Anyone filing a lawsuit would be required to include an affidavit from a physician who can attest “within a reasonable degree of medical certainty, that the plaintiff’s COVID-19-related damages, injury, or death occurred as a result of the defendant’s acts or omissions.”

Non-medically-related businesses, educational and religious institutions and governments are immune from COVID-related lawsuits if a judge determines the defendants made “a good faith effort to substantially comply with authoritative or controlling government-issued health standards or guidance at the time the cause of action accrued.”

If a judge determines the defendant did not act in good faith, the case can proceed, but the standard for winning it is higher. Instead of showing a “preponderance of evidence” to make their case, the plaintiff must prove gross negligence by “clear and convincing evidence.”

Democrats, who are a minority in both the House and Senate, argued Friday that it would be difficult to find doctors to make such affidavits. And they said the state’s ever-shifting guidelines made it unclear whether a defendant was complying with a government’s “standards or guidance” required in the bill.

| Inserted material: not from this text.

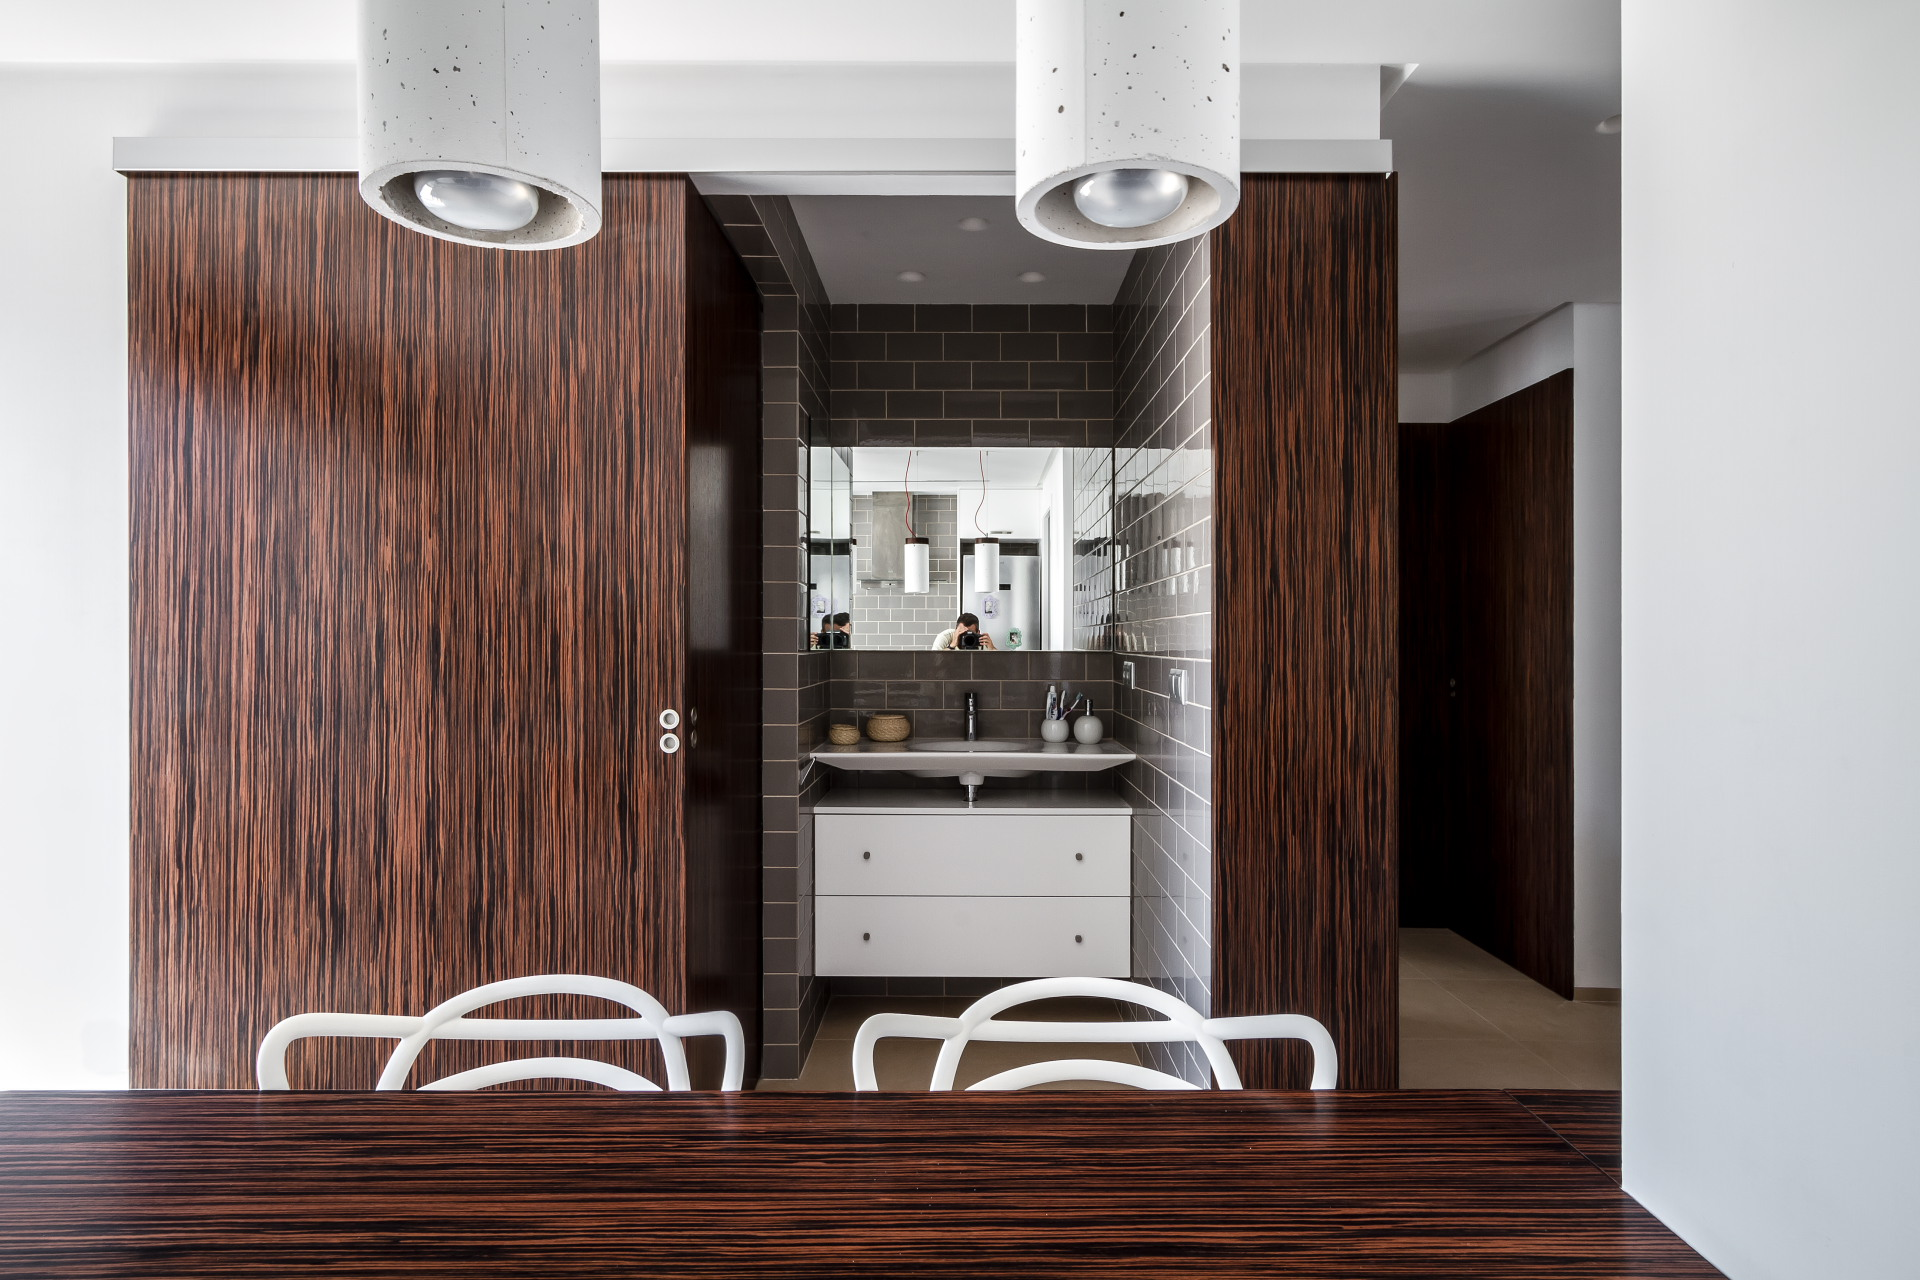 fotografia-arquitectura-valencia-german-cabo-selecta-home-denia (8)

“If a mayor makes comments at a press conference, is that standards or guidance?” said Rep. Omari Hardy, D-West Palm Beach.

Hardy also questioned what he described as circular logic: A government can’t be sued for creating, and following, bad guidance. He said that if the bill was in effect in New York, for example, Gov. Andrew Cuomo couldn’t be sued for ordering hospitalized COVID-19 patients return to nursing homes, which is believed to have contributed to the high number of nursing home deaths in that state.

“He was following his own standard, and people got sick and died because he was following his standards,” Hardy said.

How are laws made in Florida? How do you track a bill as it moves through Legislature ?

Democrats and trial lawyers have also argued that there have been so few lawsuits filed that passing a law to stop them fixes a problem that doesn’t exist.

But at least 53 COVID-related cases have already been filed against companies, including medical providers, and governments in Florida, according to data provided by the Florida Justice Reform Institute, a corporate-backed nonprofit that advocates for tort reform.

Cruise lines have been sued by customers and employees on allegations of not protecting them from the virus. More than 20 jail inmates in Jacksonville, representing themselves, have accused the sheriff’s office of transferring sick inmates into the healthy population. Other businesses have been sued for not requiring that their customers wear masks.

And Publix was sued last year after a deli worker in Miami Beach died from COVID-19. The family of the employee, 70-year-old Gerardo Gutierrez, alleges that he asked to wear a mask when the pandemic began, but Publix refused.